__WORK REQUEST__. Write out the listing verbatim. No pictures belong in it.

__PROVIDED DATA__.
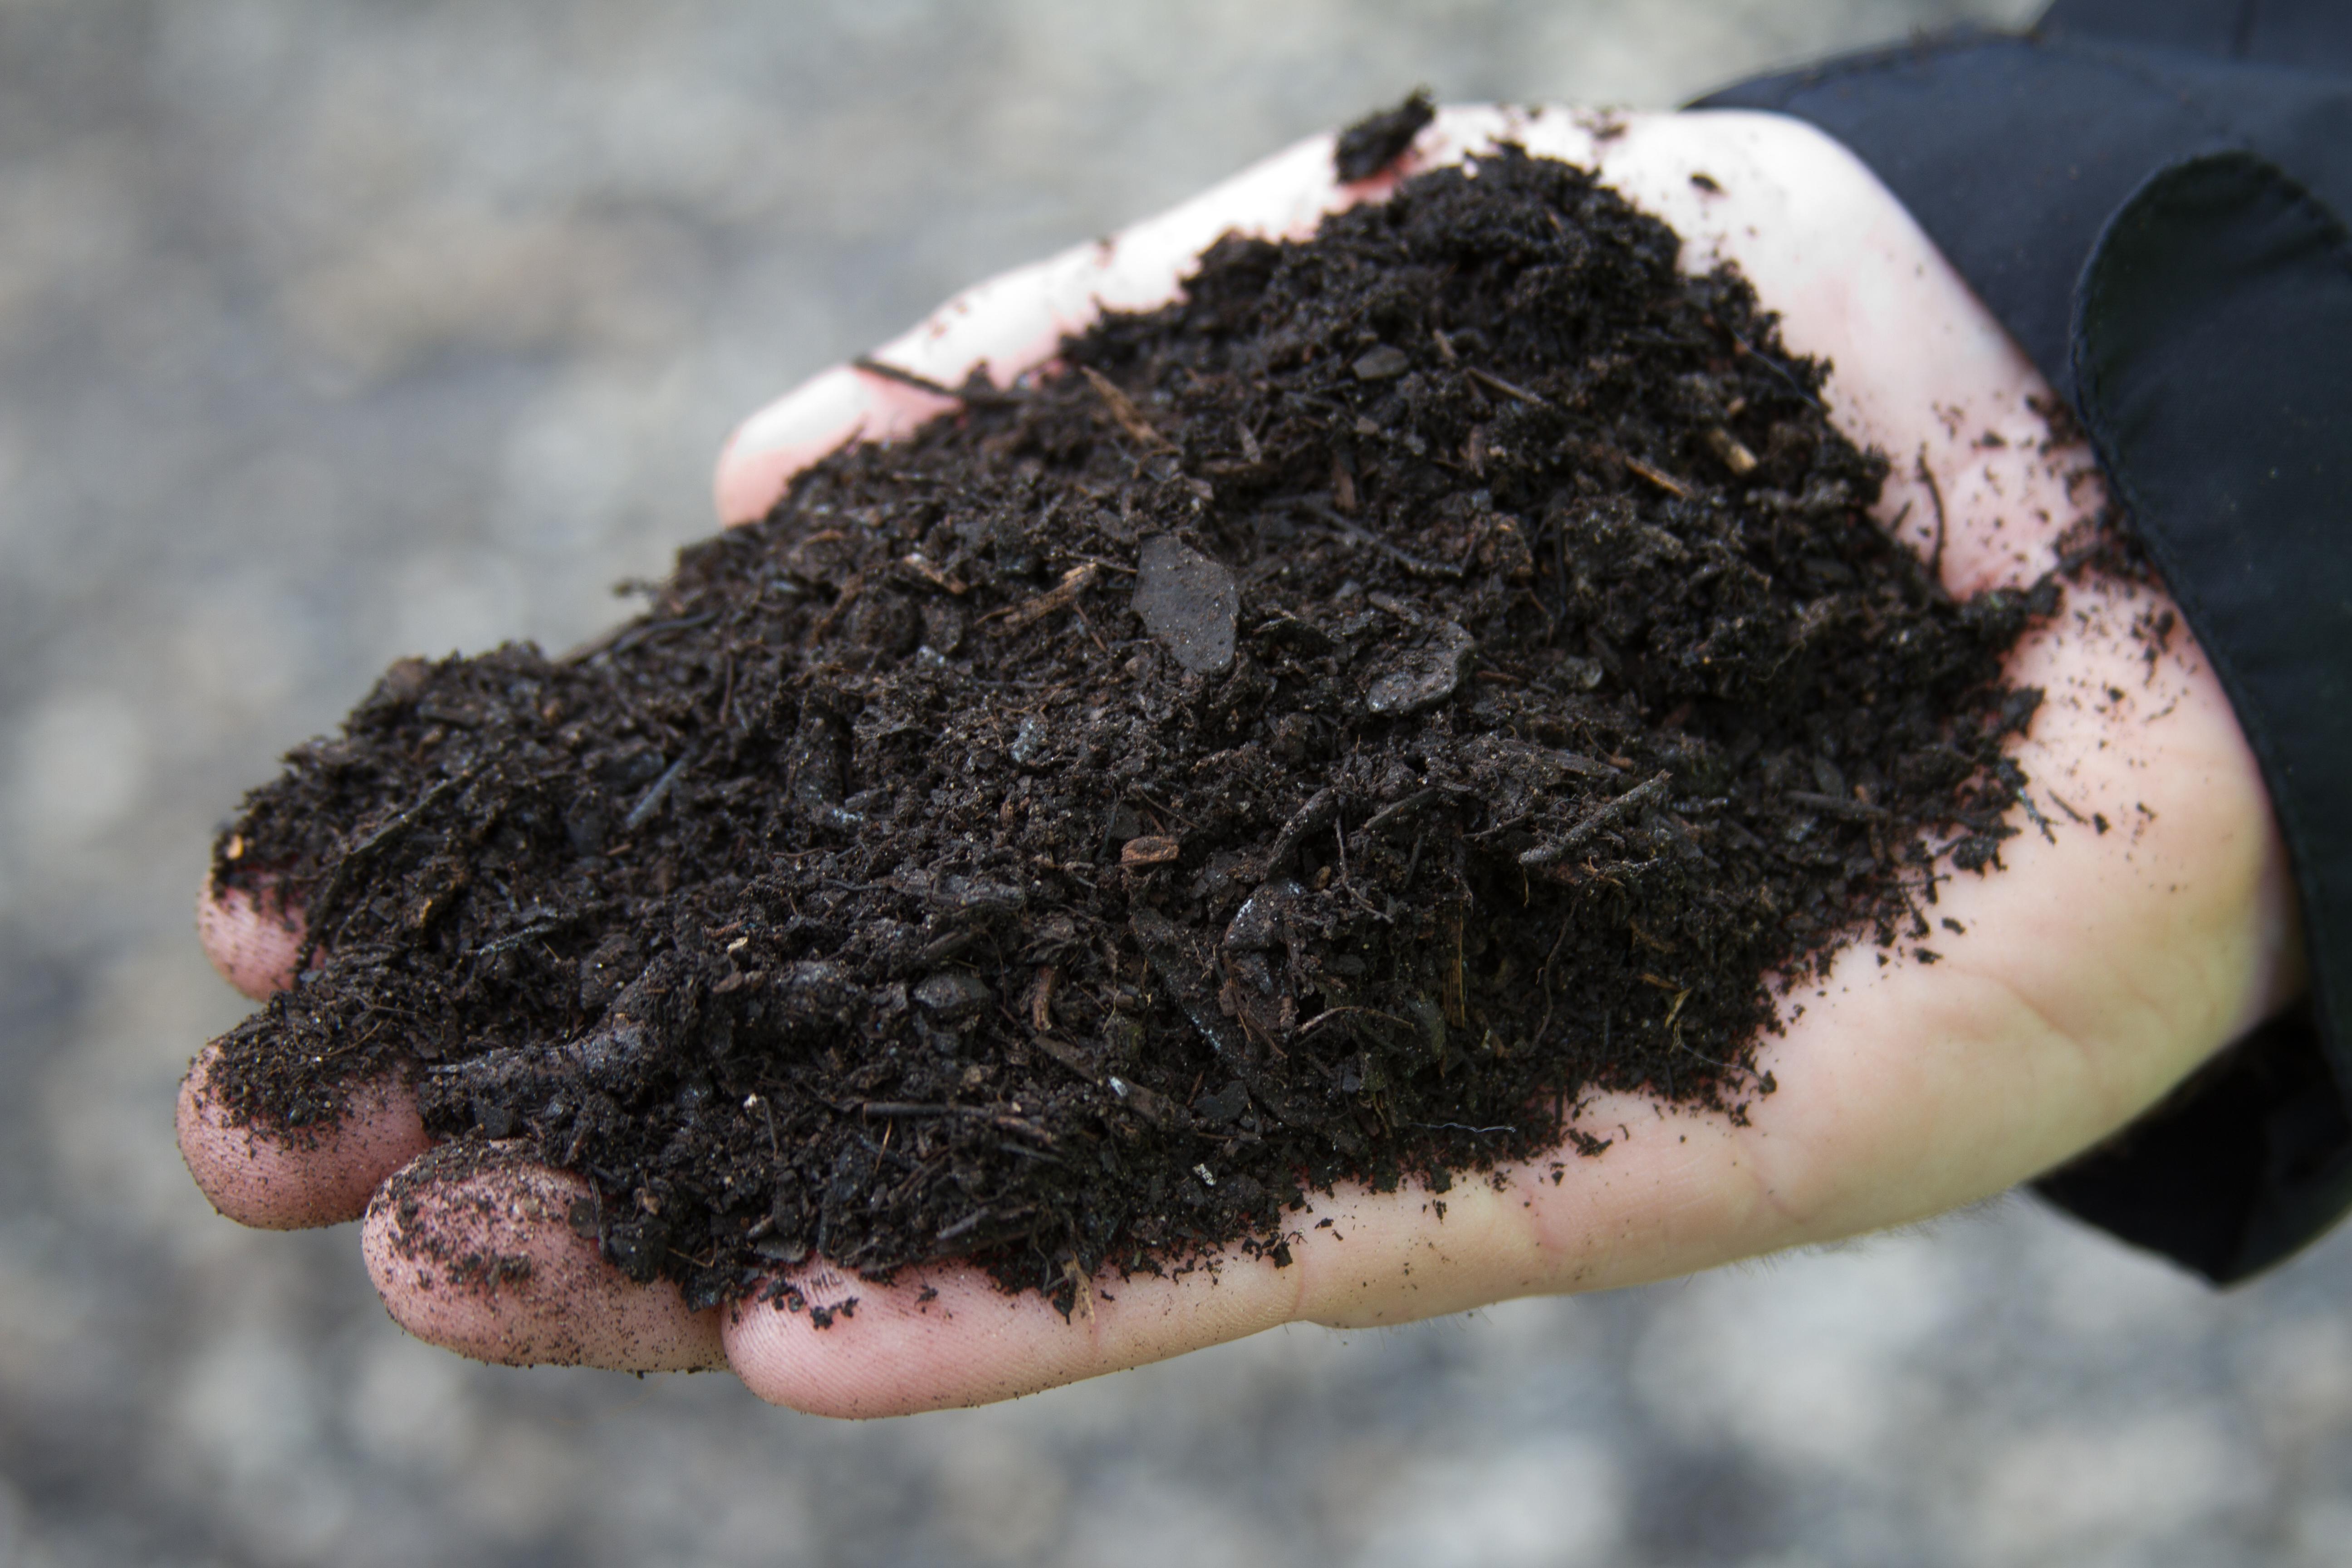 finished compost prince sells it as leaf gro goldjacob fenston wamu
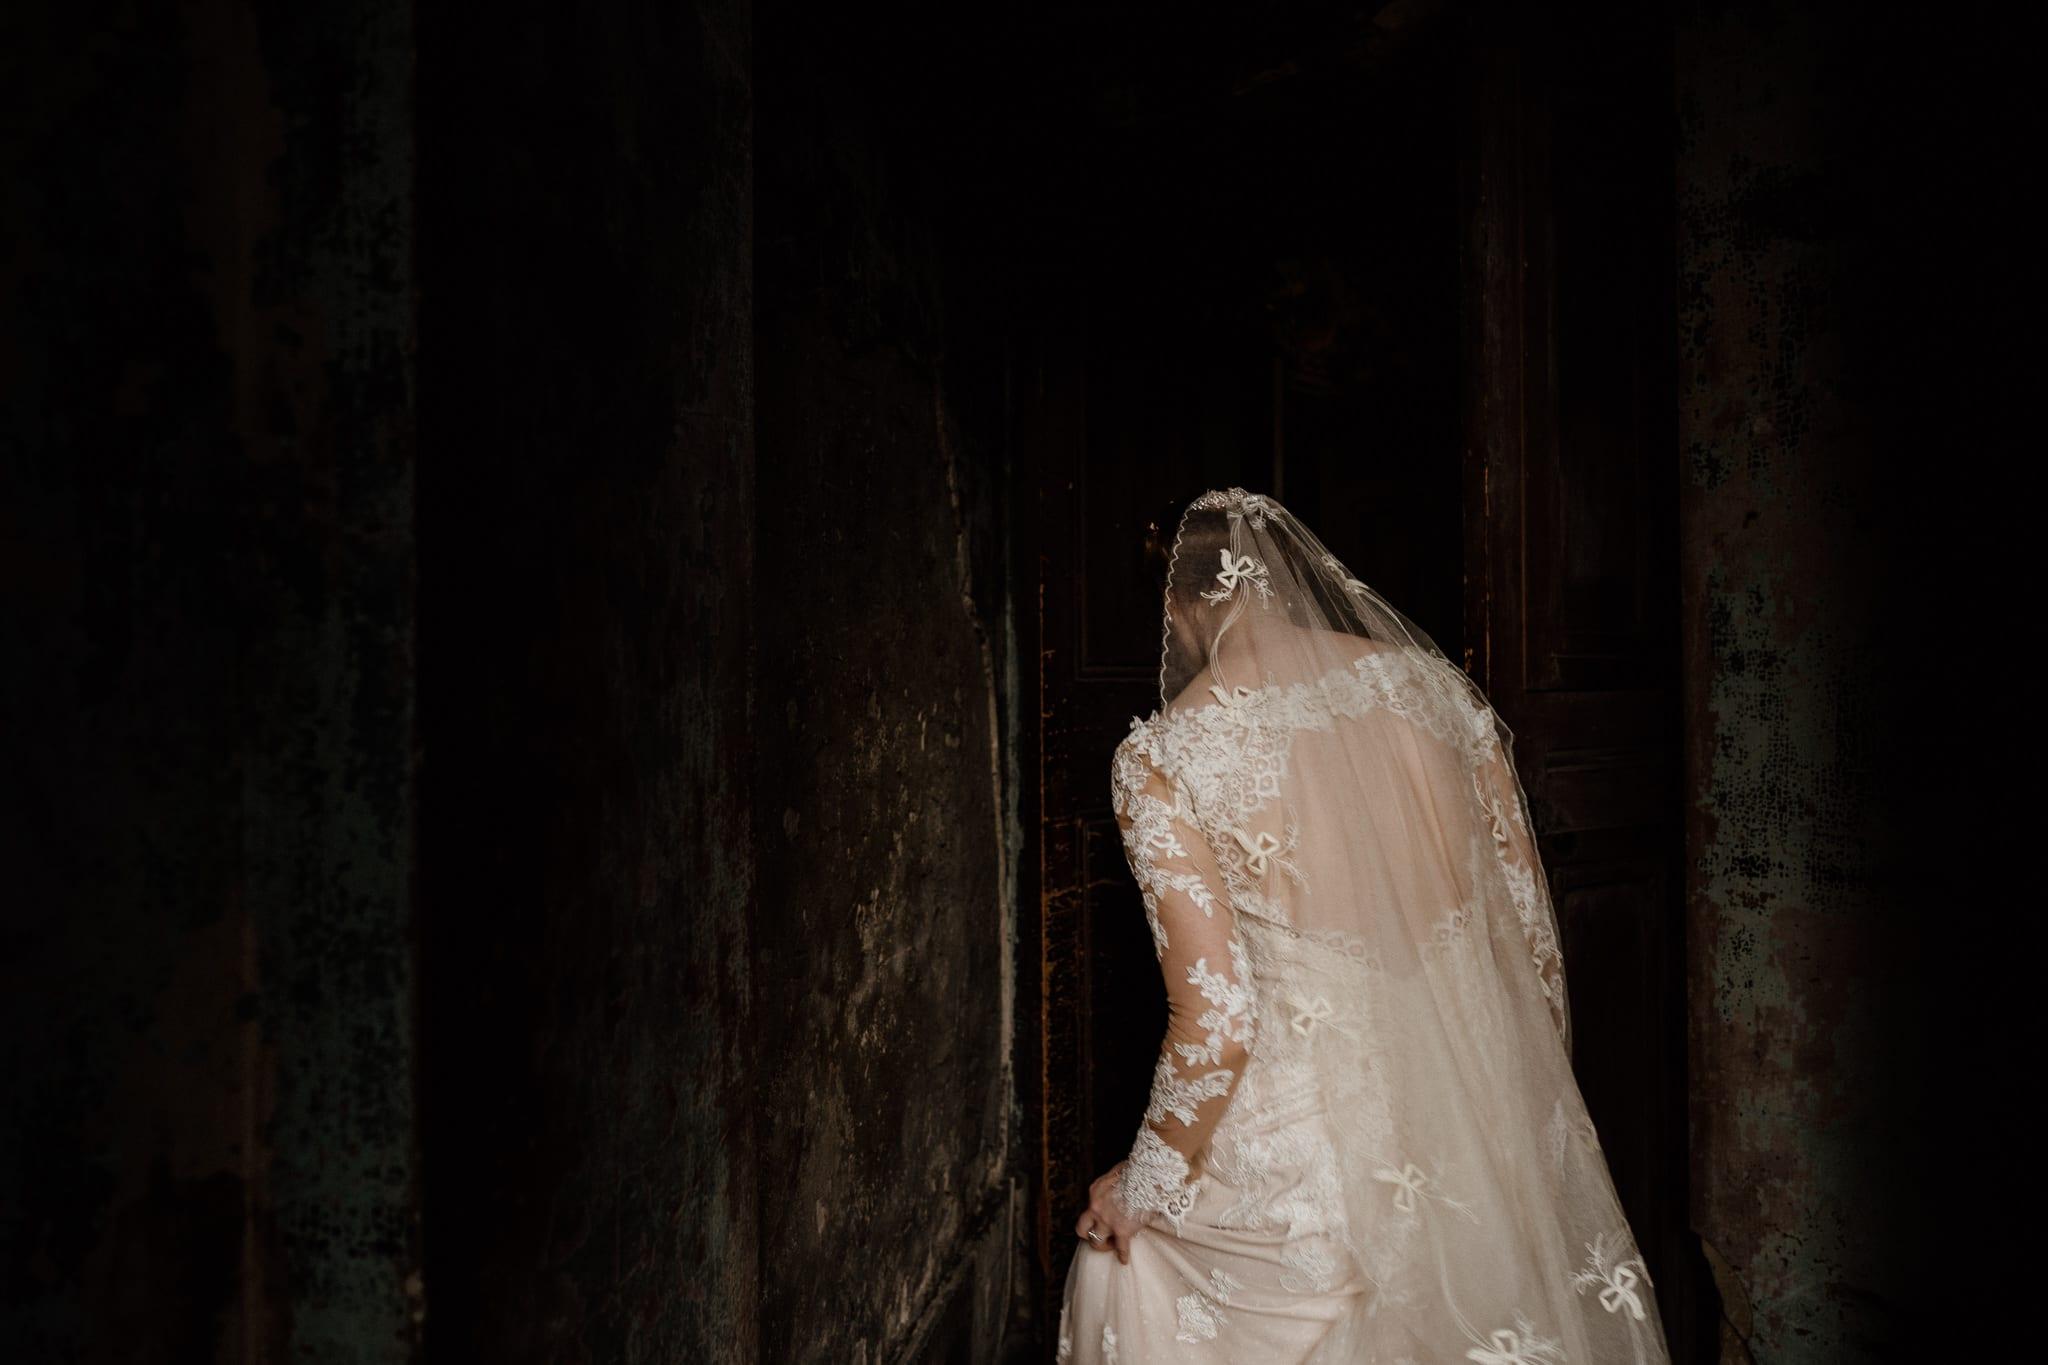 Bride in the doorway of the Asylum Chapel, London
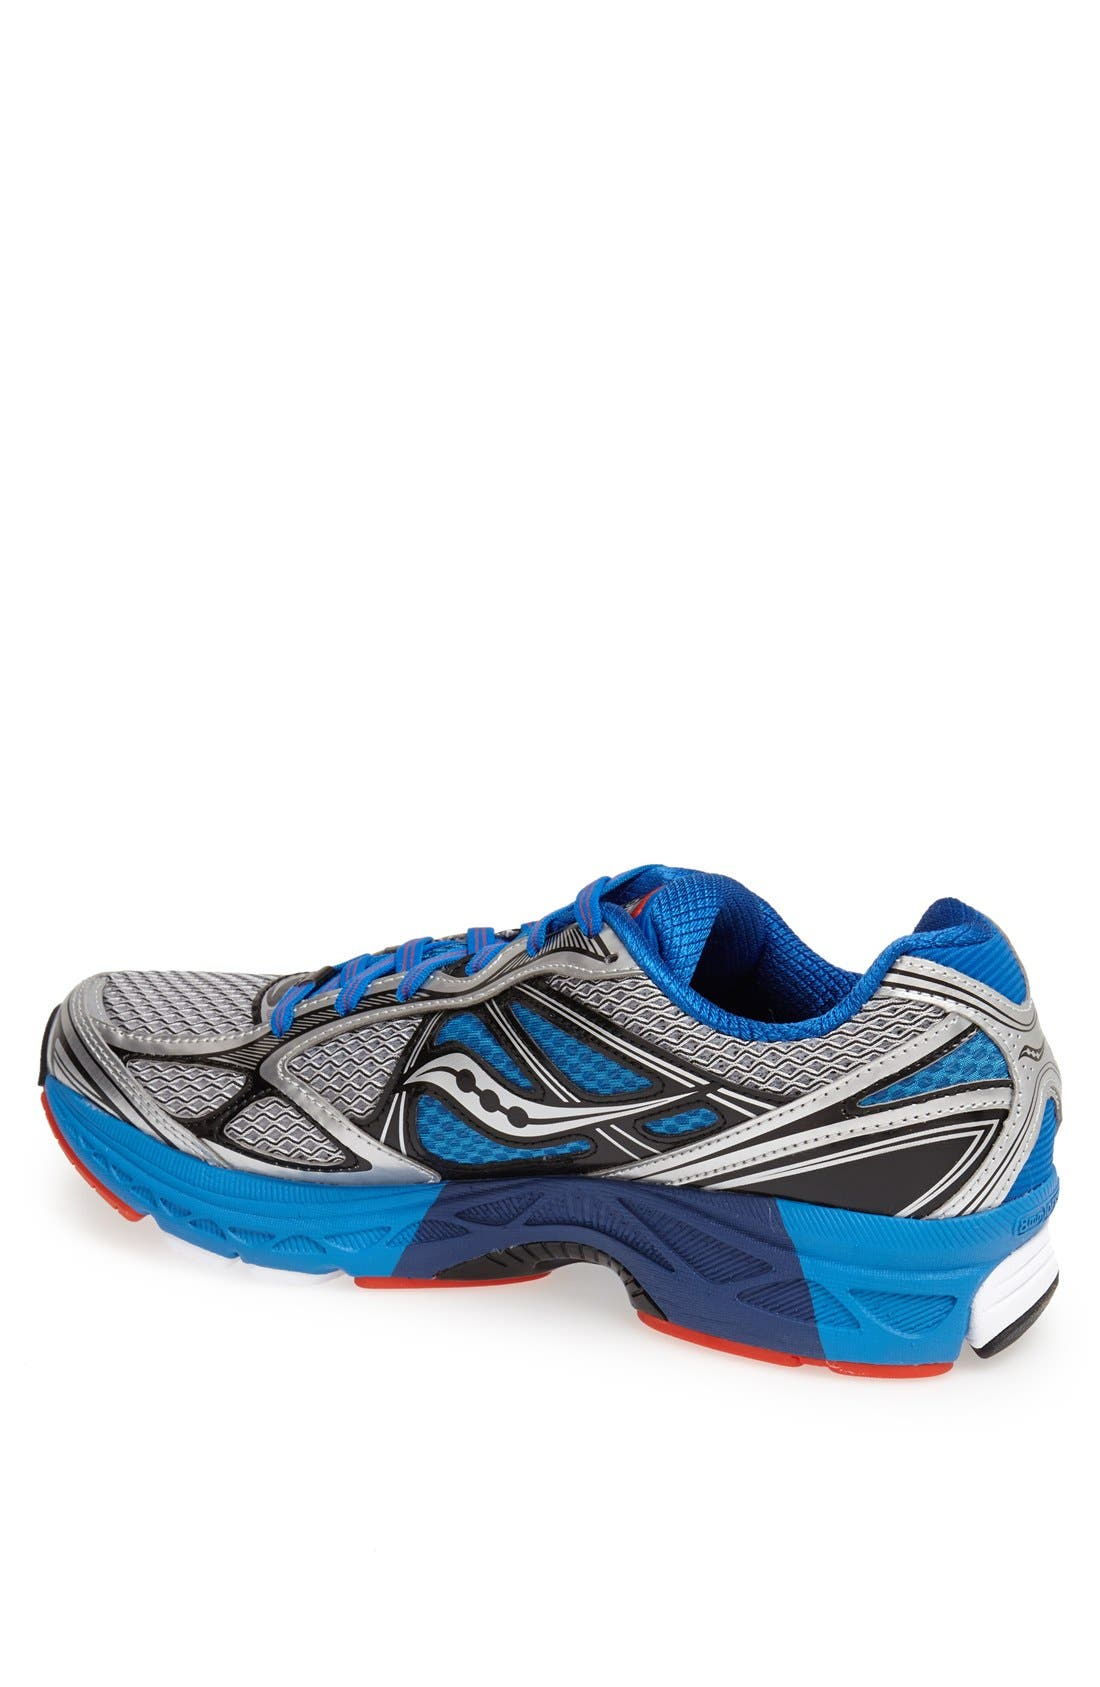 Alternate Image 2  - Saucony 'Guide 7' Running Shoe (Men)

__YOUR SOLUTION__.
 finished compost prince sells it as leaf gro goldjacob fenston wamu
 Bride in the doorway of the Asylum Chapel, London
 Alternate Image 2  - Saucony 'Guide 7' Running Shoe (Men)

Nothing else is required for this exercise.